Milimetric triaged this task as Medium priority.Oct 18 2024, 4:22 PM
Milimetric updated Other Assignee, added: Milimetric.
Milimetric set the point value for this task to 3.

This is an amazing idea thank you! We have always wanted to make schema.wikimedia.org more readable, but never had time to prioritize it. The existent UI was something I did best effort in like a day or two, so please! A replacement would be amazing.

Also, TBD, @daniel and I are considering expanding the scope of schema.wikimedia.org to host more than just event schemas. (Do we have a ticket Daniel?)

There are other schema repo improvements we would like to make too!

Also:

EventStreams uses OpenAPI specs and doc UI to show a human readable form.

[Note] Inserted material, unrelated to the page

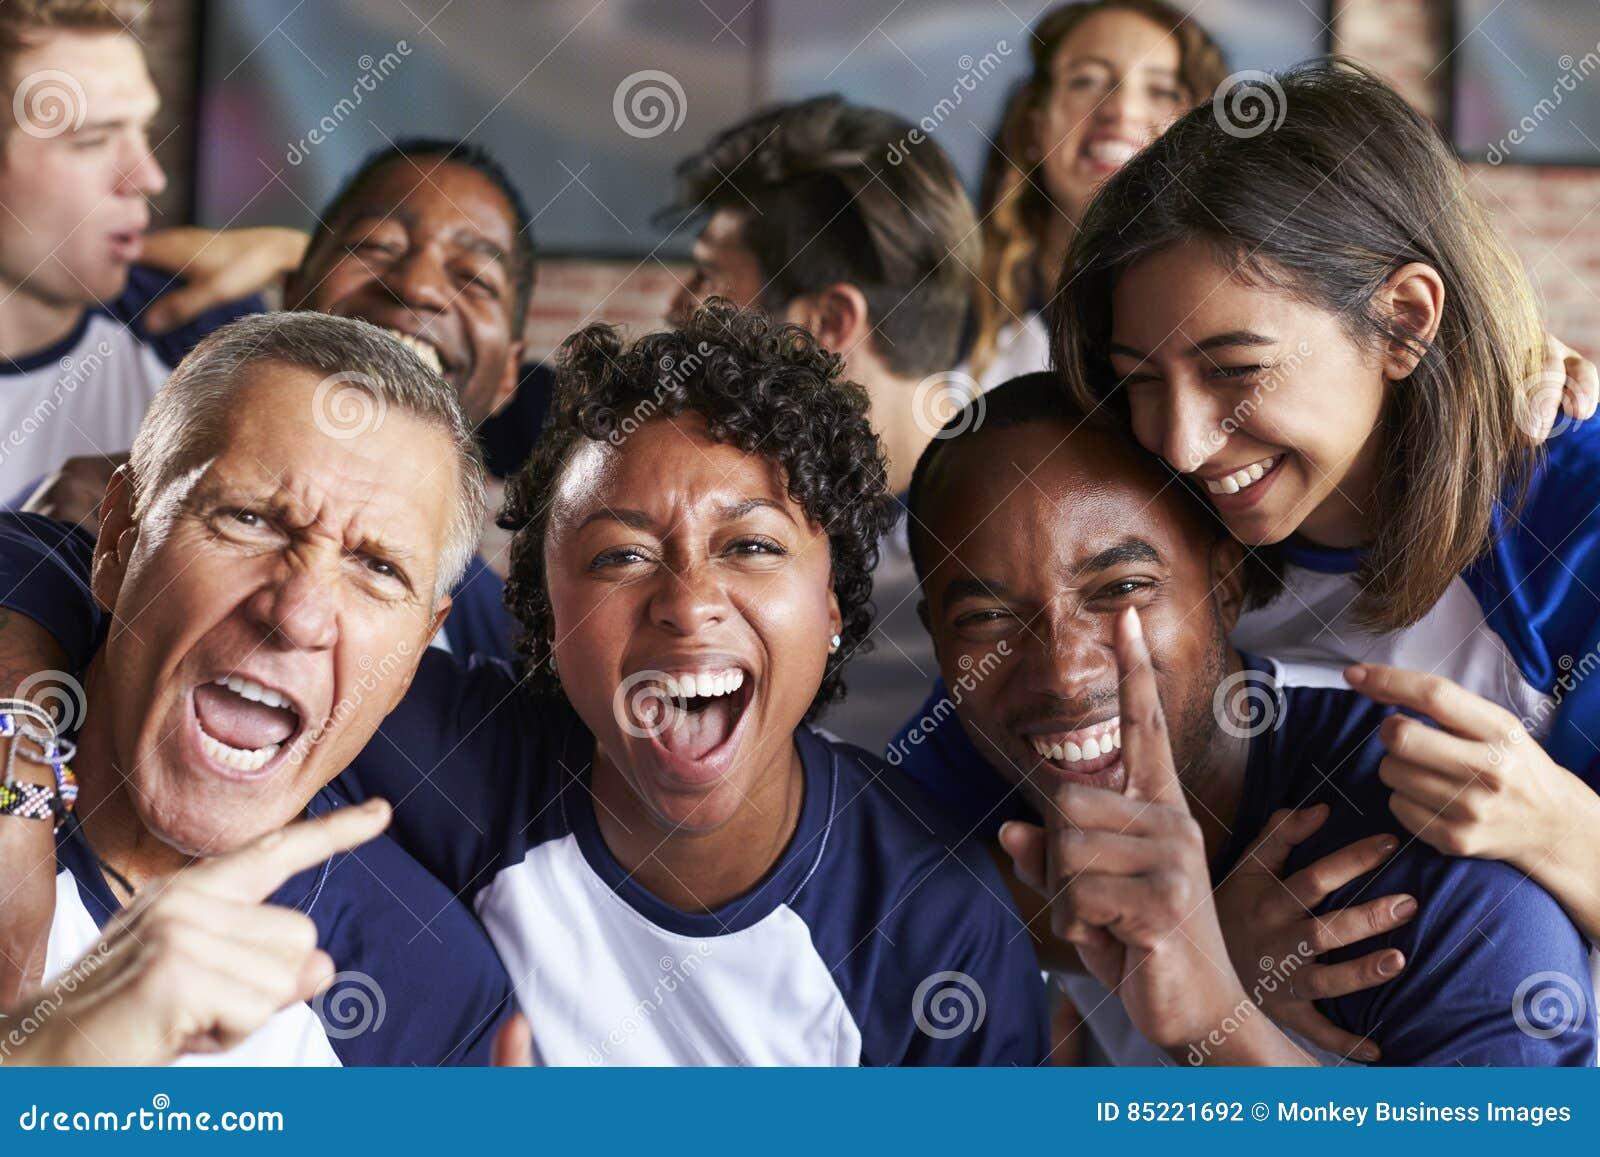 Retrato dos amigos que olham o jogo na barra de esportes em telas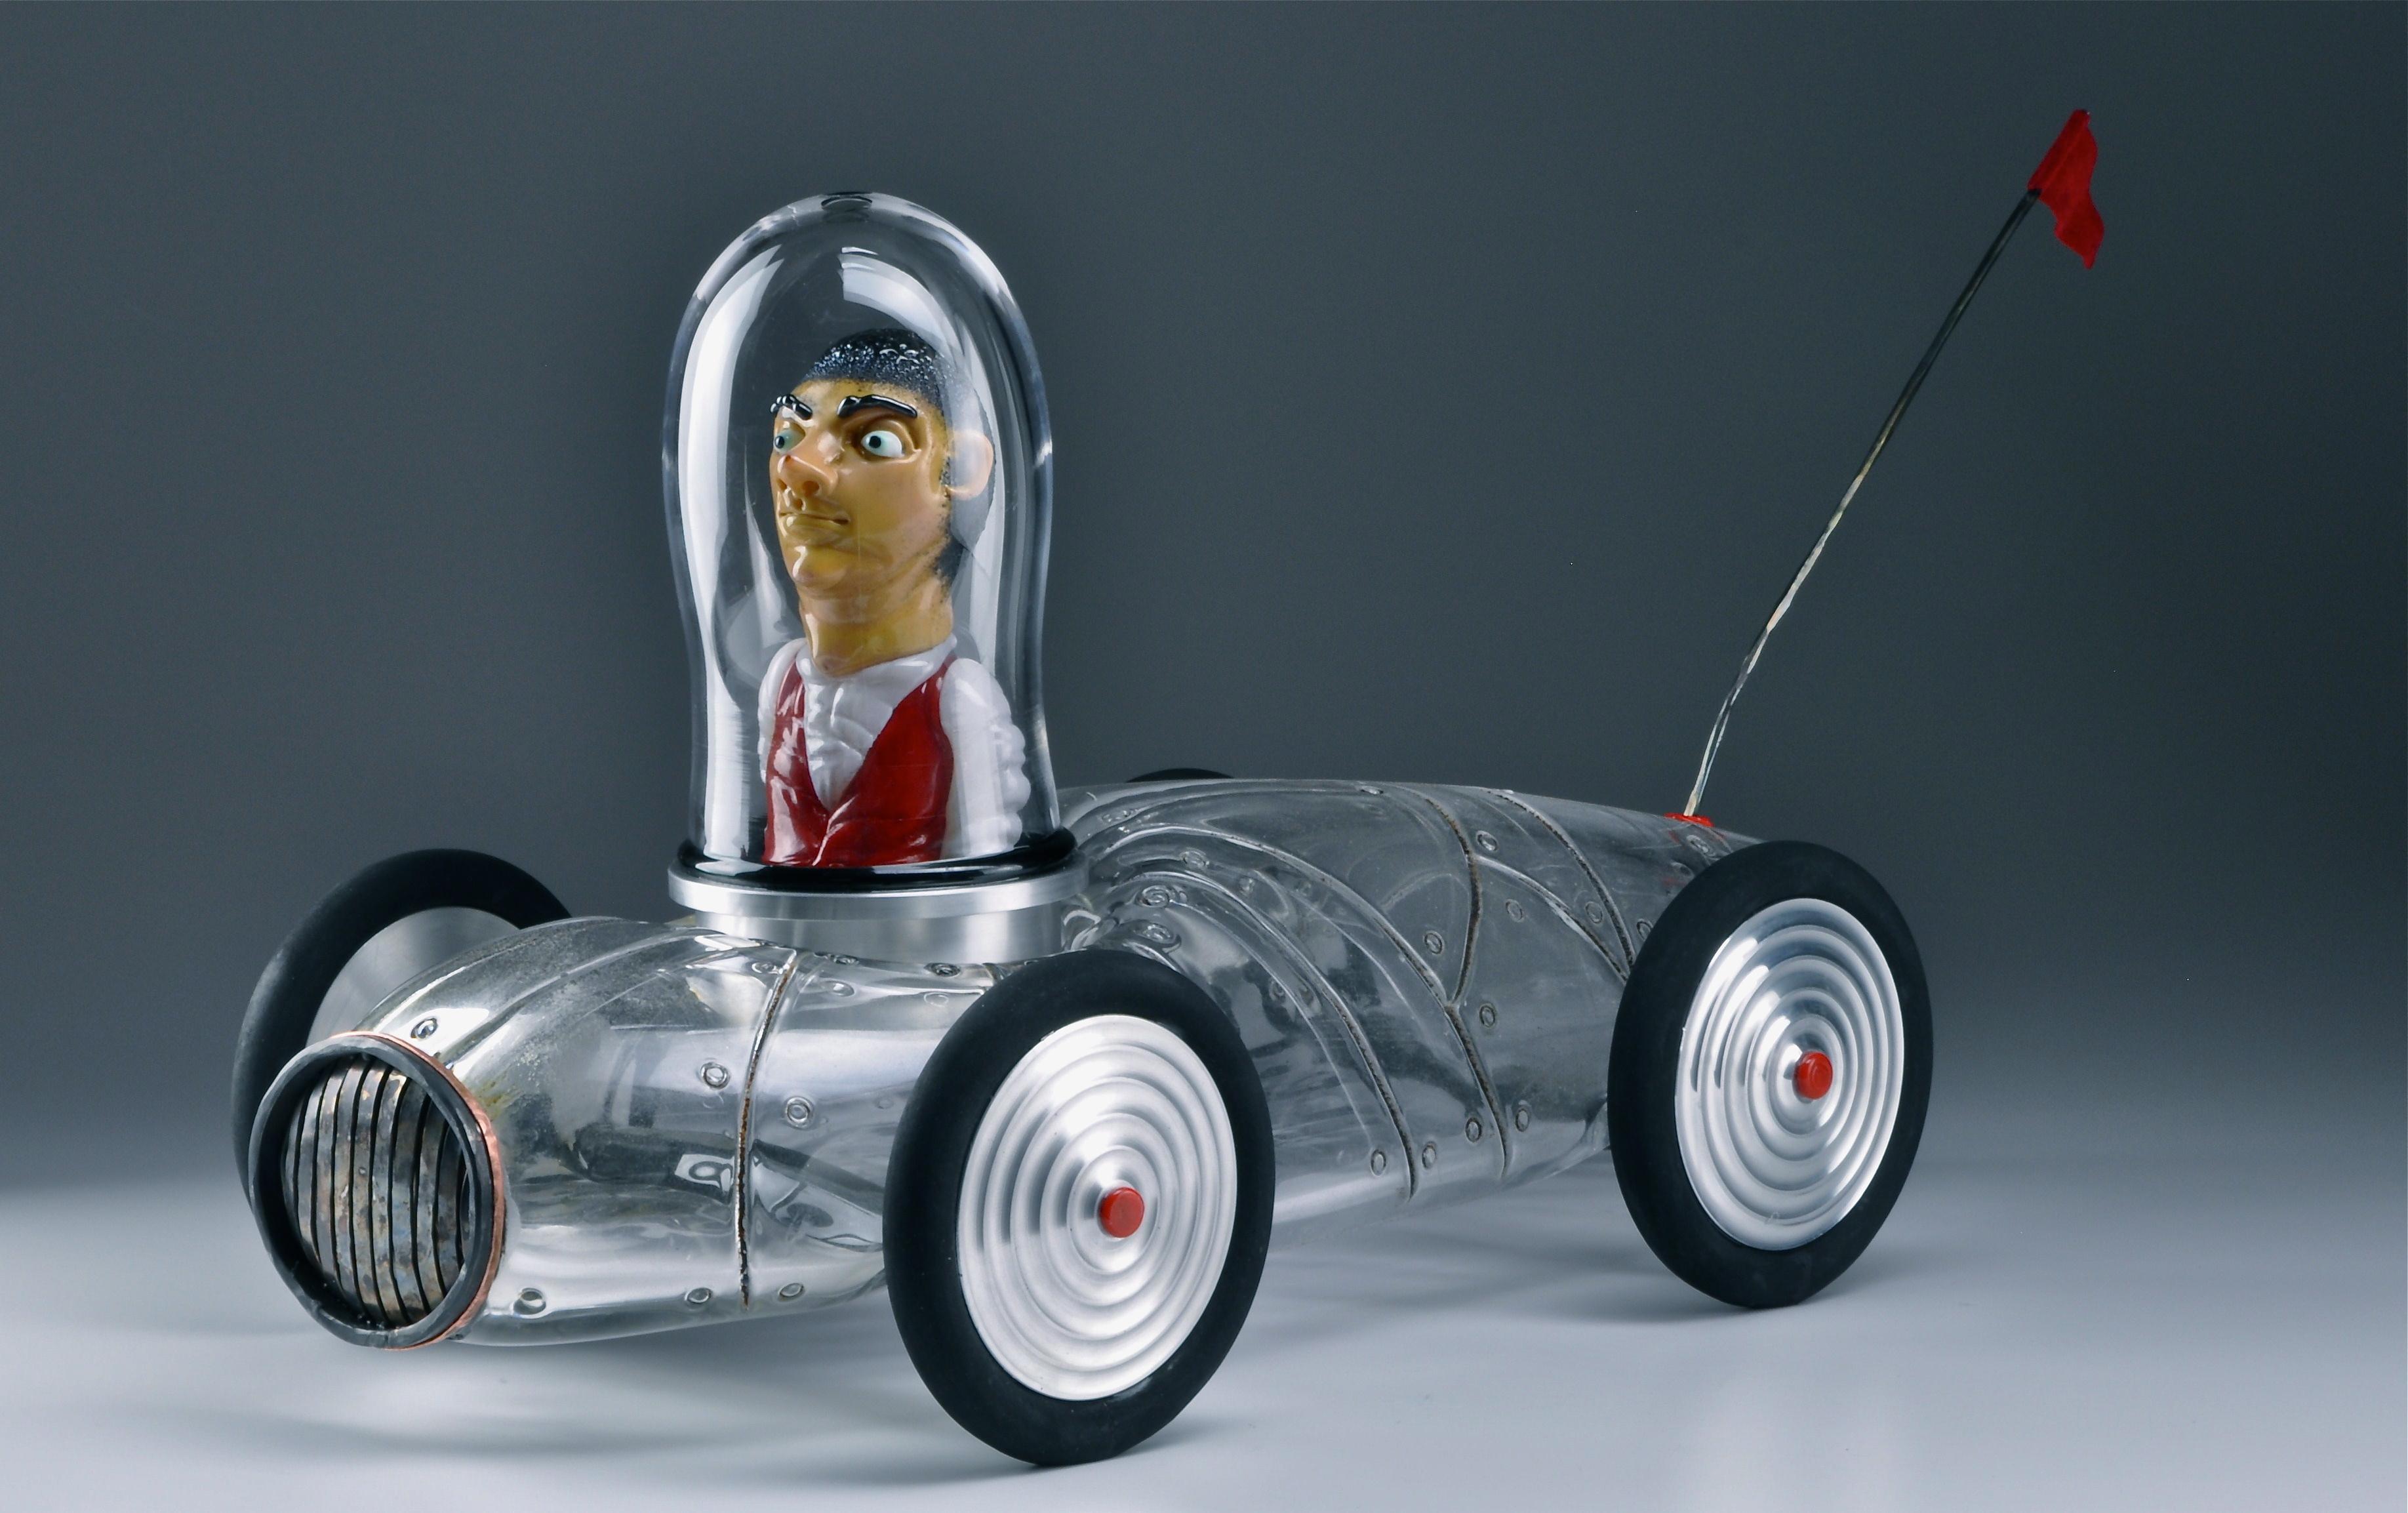 Glass race car sculpture

E.g. https://stream.wikimedia.org/?doc#/streams/get_v2_stream_mediawiki_page_change_v1

There is an eventstreams-internal instance that can be accessed via an ssh tunnel now. This has access to all Event Platform streams and schemas. If we did T348763: Make eventstreams-internal available to WMF staff without an ssh tunnel, perhaps more folks would use it?

Also:

@tchin implemented Event Stream -> Datahub integration, so you can view all declared streams and schemas at https://datahub.wikimedia.org/search?filter_platform=urn:li:dataPlatform:eventstreams

You know what else would be cool!?

A quick and dirty readable UI of action=streamconfigs, maybe implemented in the EventStreamConfig extension! Special:StreamConfigs?

E.g. This https://meta.wikimedia.org/w/index.php?title=Special:ApiSandbox#action=streamconfigs&format=json&formatversion=2

But pretty!

Milimetric updated Other Assignee, removed: Milimetric.

current approach is to look at https://modpython.org/ and see if we can just set up the transformation on serve. We have too many unanswered questions around how to materialize on-build to resolve and be useful. But doing it at render-time is easier and allows us to iterate faster. The problem will be that jsfh renders the schema file but also renders js and css. So we'd have to host these somewhere and make apache redirect relative requests to them from anywhere to the canonical spot. Bit too much apache hacking for me but it should work :)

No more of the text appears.